Hint: They’re Rhetorical

For those of you who don’t subscribe to Times Select, I have to reprint a few of Glenn Branca’s 25 thought-provoking questions that form the endpiece to the Times‘s “The Score” blog of four composers. They’re not all equally thought-provoking, though, so rather than give away the whole deal for free I’ll only quote the best ones:

1. Should a modern composer be judged against only the very best works of the past?…

3. If a composer can write one or two or more great works of music why cannot all of his or her works be great?

4. Why does the contemporary musical establishment remain so conservative when all other fields of the arts embrace new ideas?

5. Should a composer, if confronted with a choice, write for the musicians who will play a piece or write for the audience who will hear it?

6. When is an audience big enough to satisfy a composer or a musician? 100? 1000? 10,000? 100,000? 1,000,000? 100,000,000?…

12. Should a composer speak with the voice of his or her own time?

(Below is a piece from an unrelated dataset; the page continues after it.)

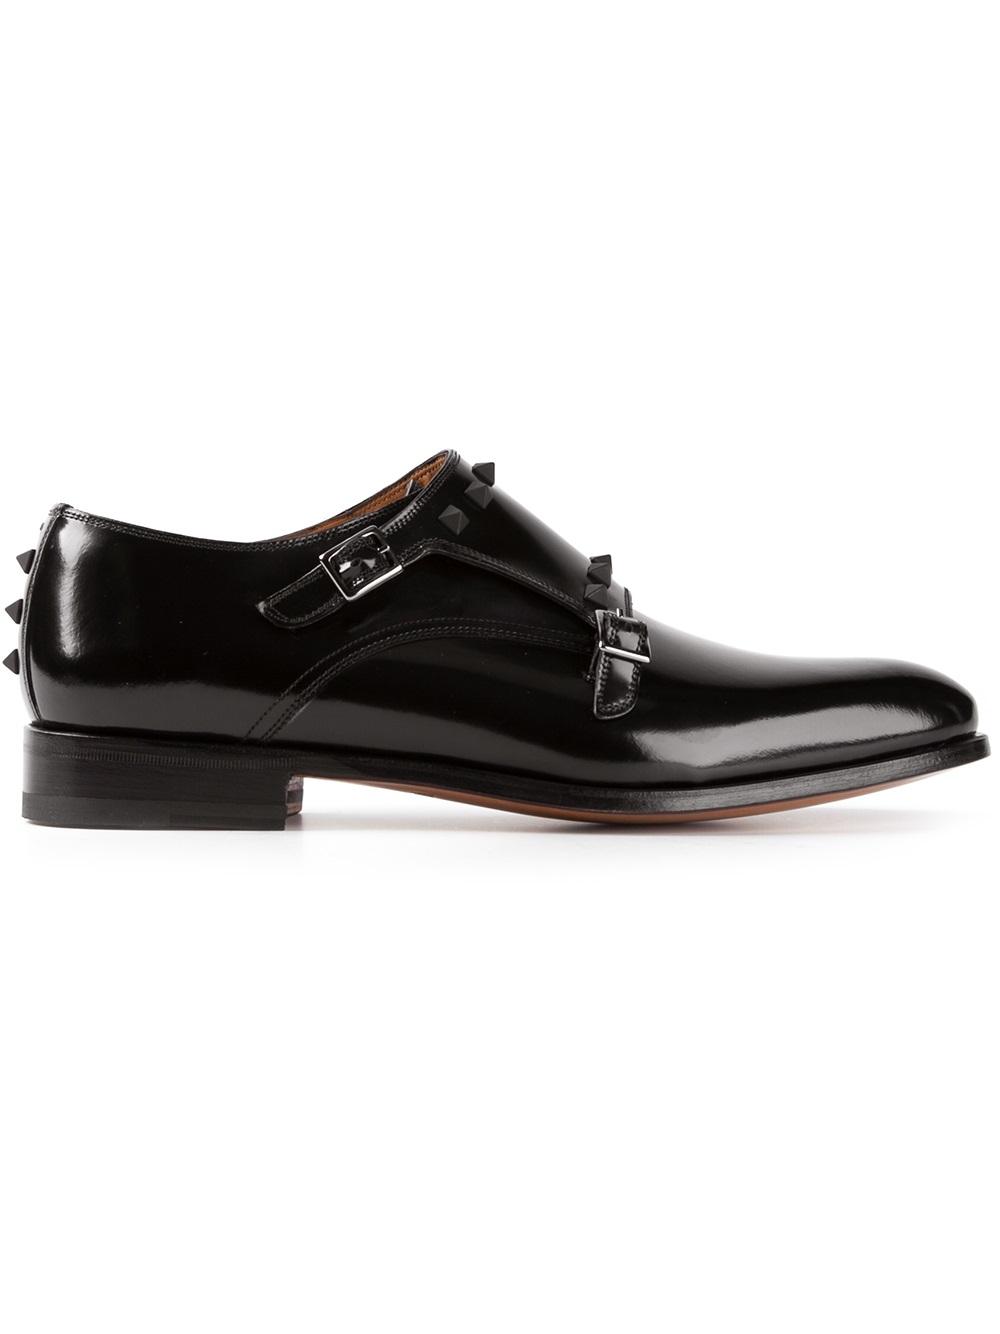 Black Double Strap Monk Shoes Khakis

13. If there’s already so much good music to listen to what’s the point of more composers writing more music?…

15. Must all modern composers reject the past, a la John Cage or Milton Babbitt’s “Who Cares If You Listen?”

16. Is the symphony an antiquated idea or is it, like the novel in literature, still a viable long form of music?

17. Can harmony be non-linear?…

19. Artists are expected to accept criticism, should critics be expected to accept it as well?

20. Sometimes I’m tempted to talk about the role that corporate culture plays in the sale and distribution of illegal drugs throughout the United States and the world, and that the opium crop in Afghanistan has increased by 86 percent since the American occupation, and the fact that there are 126,000 civilian contractors in Iraq, but what does this have to do with music?…

22. When a visual artist can sell a one-of-a-kind work for hundreds of thousands of dollars and anyone on the internet can have a composer’s work for nothing, how is a composer going to survive? And does it matter?

23. Should composers try to reflect in their music the truth of their natures and the visions of their dreams whether or not this music appeals to a wide audience?

24. Why are advances in science and technology not paralleled by advances in music theory and compositional technique?

25. Post-Post Minimalism? Since Minimalism and Post-Minimalism we’ve seen a short-lived Neo-Romanticism, mainly based on misguided attempts to return to a 19th century tonality, then an improv scene which had little or nothing to do with composition, then a hodge-podge of styles: a little old “new music,” a little “60’s sound colorism”, then an eclectic pomo stew of jazz, rock and classical, then a little retro-chic Renaissance … even tonal 12-tonalism. And now in Germany some “conceptual” re-readings of Wagner. What have I left out? Where’s the music?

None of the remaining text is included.